12th November 2015

A three member delegation from CEPS is attending a workshop in Pretoria South Africa, on increasing states capacity for reporting under the Protocol to the African Charter on Human and Peoples Rights on the Rights of Women in Africa.

CEPS is being represented by Gender, Rights and Governance Commissioner Mrs Monica Servina, CEPS Secretary Mrs Marie-Nella Azemia and CEPS Communication & Membership Manager Ms Tessa Henderson.

The workshop is being organised by the Centre for Human Rights of the University of Pretoria.

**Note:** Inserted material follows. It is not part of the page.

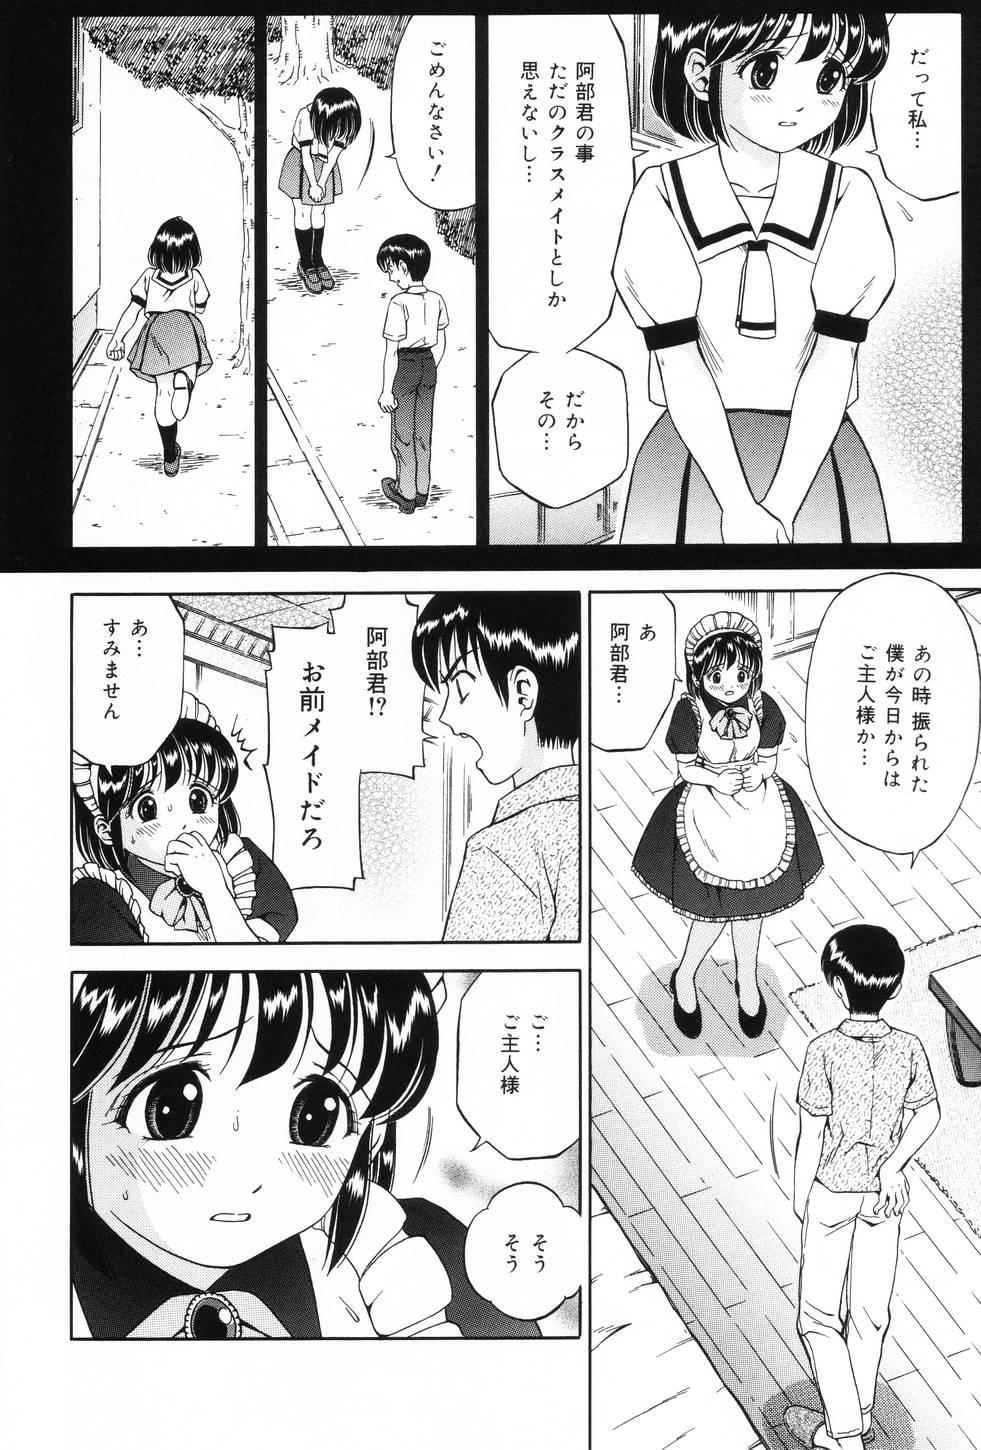 Watashi wa Maid - I am a maid 7

The state reporting process is viewed as a fundamental component in monitoring the implementation of the Protocol to the African Charter on Human and Peoples Rights on the Rights of Women in Africa (Womens Protocol or Protocol). Article 26 of the Protocol obligates States parties to indicate legislative and other measures undertaken towards the full realisation of the rights enshrined in the Protocol in their periodic reports submitted to the African Commission on Human and Peoples Rights (ACHPR) under the African Charter.

 

Civil society plays an active role during the report writing process as it not only invited for the consultation process, but also during the writing and validation of the report.

 

State reporting serves a number of important functions including but not limited to: stock-taking of measures undertaken by States parties towards compliance with their obligations under the Protocol; identifying problems and obstacles to full implementation of the Protocol and providing an opportunity for constructive engagement with the African Commission on Human and Peoples Rights in order that States parties may benefit from their concrete recommendations.

 

In 2009 the ACHPR adopted Guidelines on State Reporting under the Protocol to the African Charter on Human and Peoples Rights on the Rights of Women in Africa. These Guidelines are being disseminated at this workshop and is also being reviewed in order that the participants may familiarise themselves with the Guidelines in order to take steps to meet their reporting obligations under the Protocol.

 

Present at the workshop is Commissioner Soyata Maiga, Special Rapporteur on the Rights of Women in Africa and Member, African Commission on Human and Peoples’ Rights.

 

At this morning’s sessions Commissioner Maiga spoke of the role of civil society and national human rights institutions in the state reporting process.

 

Seychelles submitted its report to the commission in 2004, which in fact was a ten year report. Countries are required to submit reports every two years. This means that the Seychelles has missed on submitting 5 reports in total, since joining the African Union in 1992.